Du 17 décembre 2025 au 18 décembre 2025
Grand Parloir, Lycée Louis-le-Grand, 123 rue Saint-Jacques, 75005 Paris
Inscription en écrivant à lebrejerome@gmail.com
Qu'il s'agisse de la catastrophe de Fukushima, de la pandémie de Covid19 ou, ce qui sera notre point de départ, de sa propre expérience de la transplantation cardiaque et du cancer qui a suivi, la philosophie de Nancy a abordé les expériences les plus difficiles, celles de la maladie, de la catastrophe et du bouleversement. Cette année verra en novembre la réédition de son texte emblématique L'Intrus par le Seuil, près de trois décennies après sa première publication. Cet essai marque un tournant particulier dans la pensée de Nancy: toutes les préoccupations fondamentales auxquelles il s'était consacré – les interrogations portant sur le sujet, la communauté et l'identité même de l'histoire et de la tradition – sont revues d’une manière critique depuis l’épreuve inexpérimentable d’une greffe du cœur. De là ont émergé les thèmes de l'étrangeté et de l'intrusion – qui brisent le soi et ses composantes (organiques, symboliques et imaginaires), y compris le cœur et l'identité supposée douteuse de l'immunité comme de la communauté. Par conséquent, cet essai et les écrits ultérieurs de Nancy constituent une réflexion sur la signification et la fonction des organes du moi et de la société – indiquées dans les transplantations et les immigrations – une réflexion continue et intempestive, car ni le moi ni la société ne peuvent être prescrits à l'avance, comme on le voit dans les discussions contemporaines sur la santé et la politique. Voilà ce qui nous oblige à penser la relation entre les composants et leur compréhension dans les systèmes dynamiques qui sont souvent appelés vie, soi, corps, psyché, société. Ces réflexions de Nancy sont passées de ses premiers écrits, dont La Communauté désœuvrée et La Communauté désavouée, en passant par L'Intrus, jusqu'à son dernier livre Cruor, sans oublier sa remise en question de l'histoire de la philosophie dans des ouvrages comme La Banalité de Heidegger et son dernier essai, « La fin de la philosophie et la tâche de la pensée ».

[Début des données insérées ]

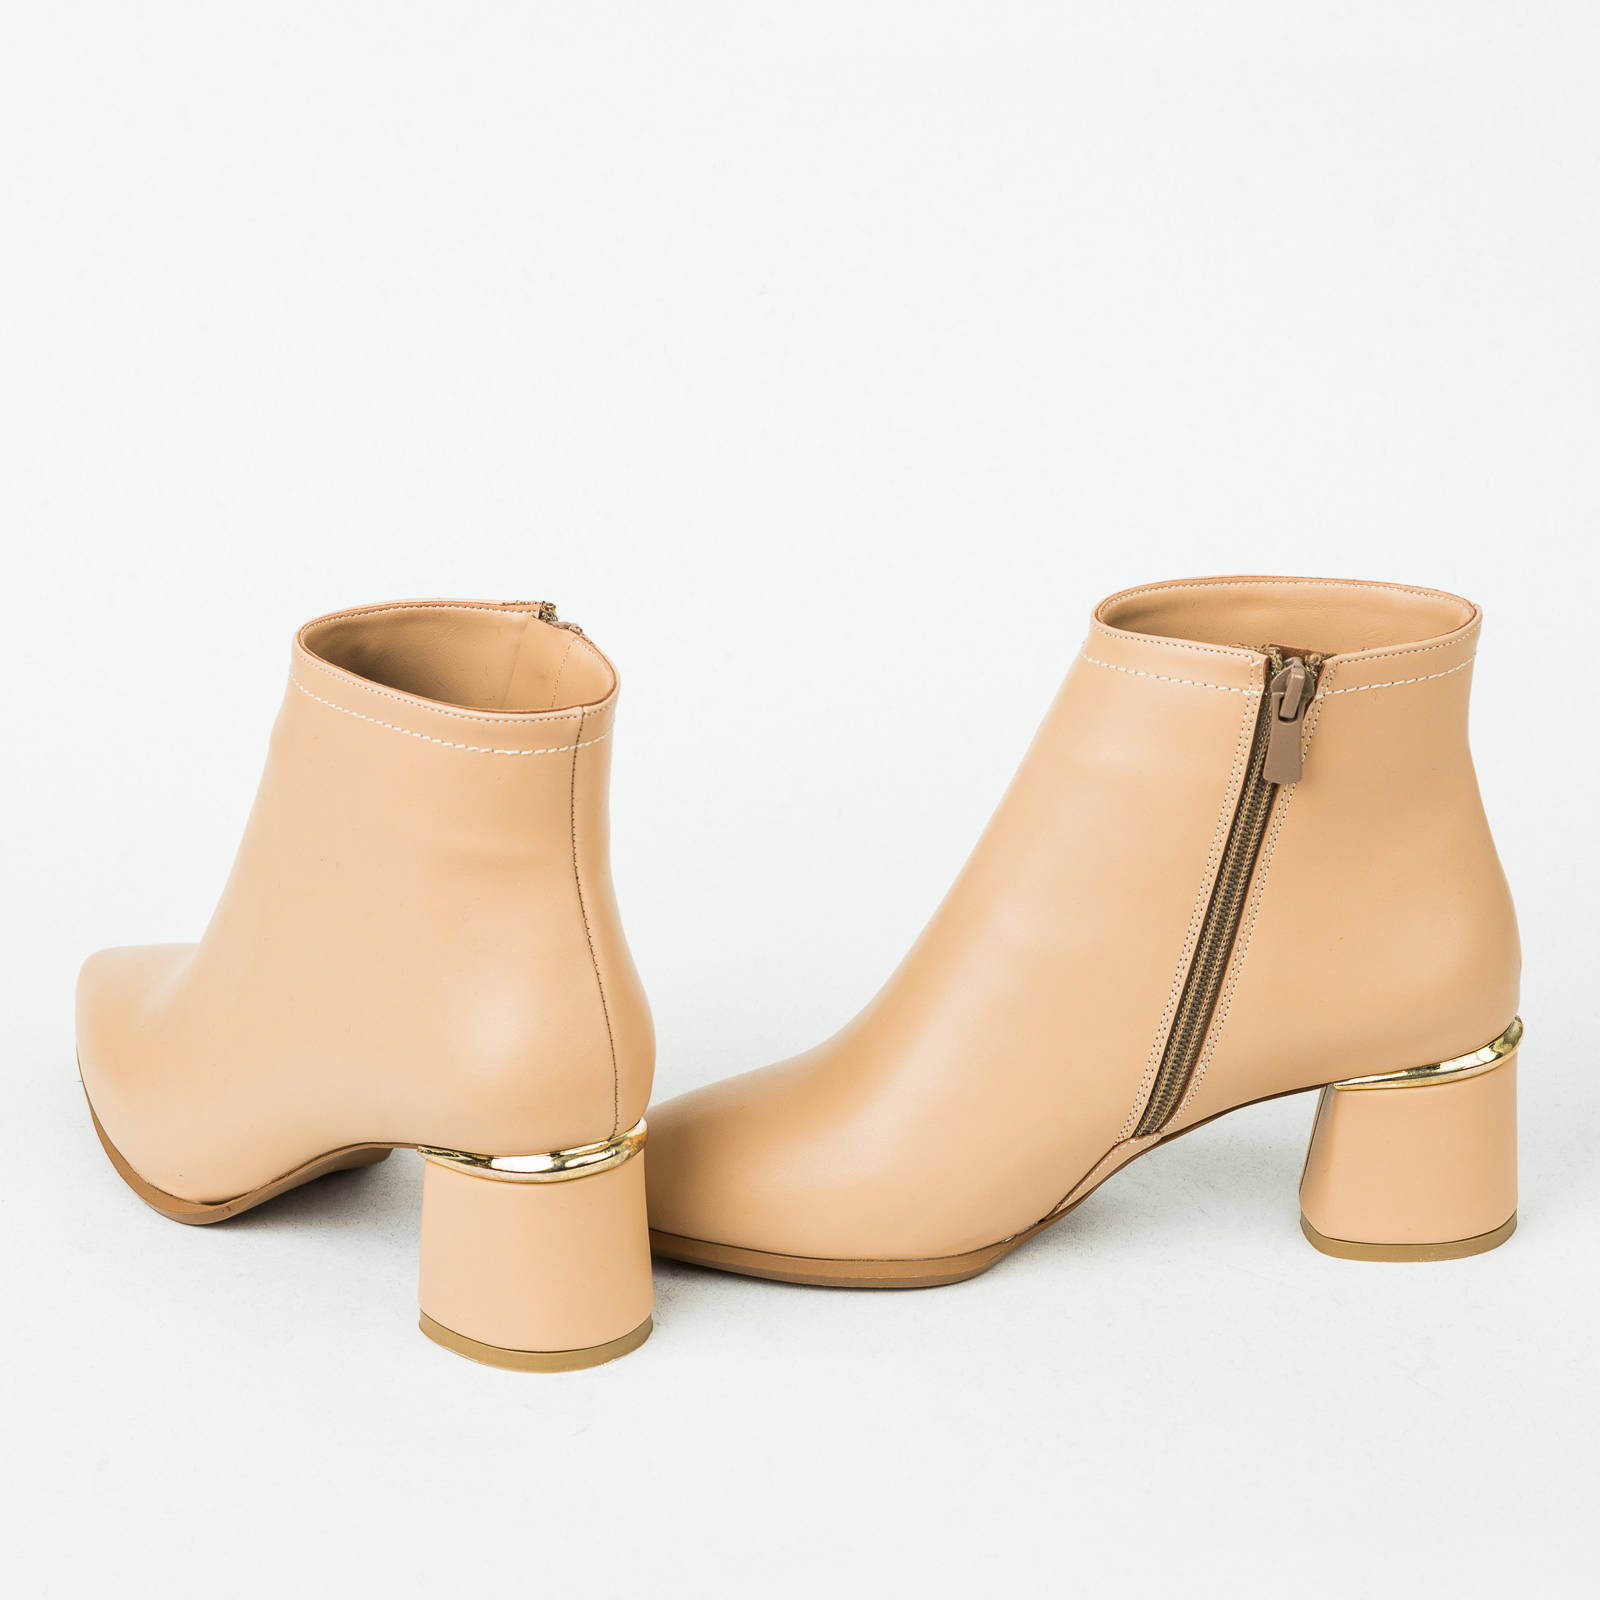 Women ankle boots B228 - BEIGE

C'est précisément dans cette réflexion sur la santé et la politique que les recherches émergentes en sciences humaines de la santé et en sciences humaines doivent rencontrer les écrits de Nancy et leur pertinence vis-à-vis des questions qu’elles soulèvent. L'Intrus de Nancy a anticipé la pensée actuelle révélant que la santé est une idée à laquelle la guérison, tout comme la position de soi comme sujet et comme corps ne correspondent pas facilement. Il a enregistré dans son propre corps et dans son devenir étranger comment la médecine moderne, les décisions et les interventions médicales s'immiscent dans la totalité (qui parle étymologiquement dans le mot santé) que nous sommes habitués à assumer. Comment alors pensons-nous la santé et l'épanouissement humain, auxquels la souffrance humaine n’est pas étrangère, mais dont les déterminations historiques de « l'humanité » et de « l'humanisme » nous ont écartés de manière diverse et persistante ? La santé, plutôt que la médecine seule, est devenue l'objet de nouvelles orientations de la recherche et de la pédagogie impliquant que la biologie et la médecine soient débordées par une pensée des naufrages personnels et collectifs que l'humanité traverse aujourd'hui, comme en témoignent les nombreuses catastrophes et épidémies dans lesquelles l'action humaine, et même le mal, sont ou directement ou indirectement impliqués. Penser les humanités de la santé avec Nancy est une invitation à se rassembler pour réfléchir pour voir comment, loin d'humaniser la médecine, les défis contemporains de la santé mondiale et ses interconnexions avec le changement climatique, les crimes contre l'humanité, la mauvaise gouvernance et le fascisme croissant en politique exigent un examen approfondi de nos concepts et de nos hypothèses – les sciences humaines, n'étant rien d'autre que le nom donné à l’exigence de procéder ainsi.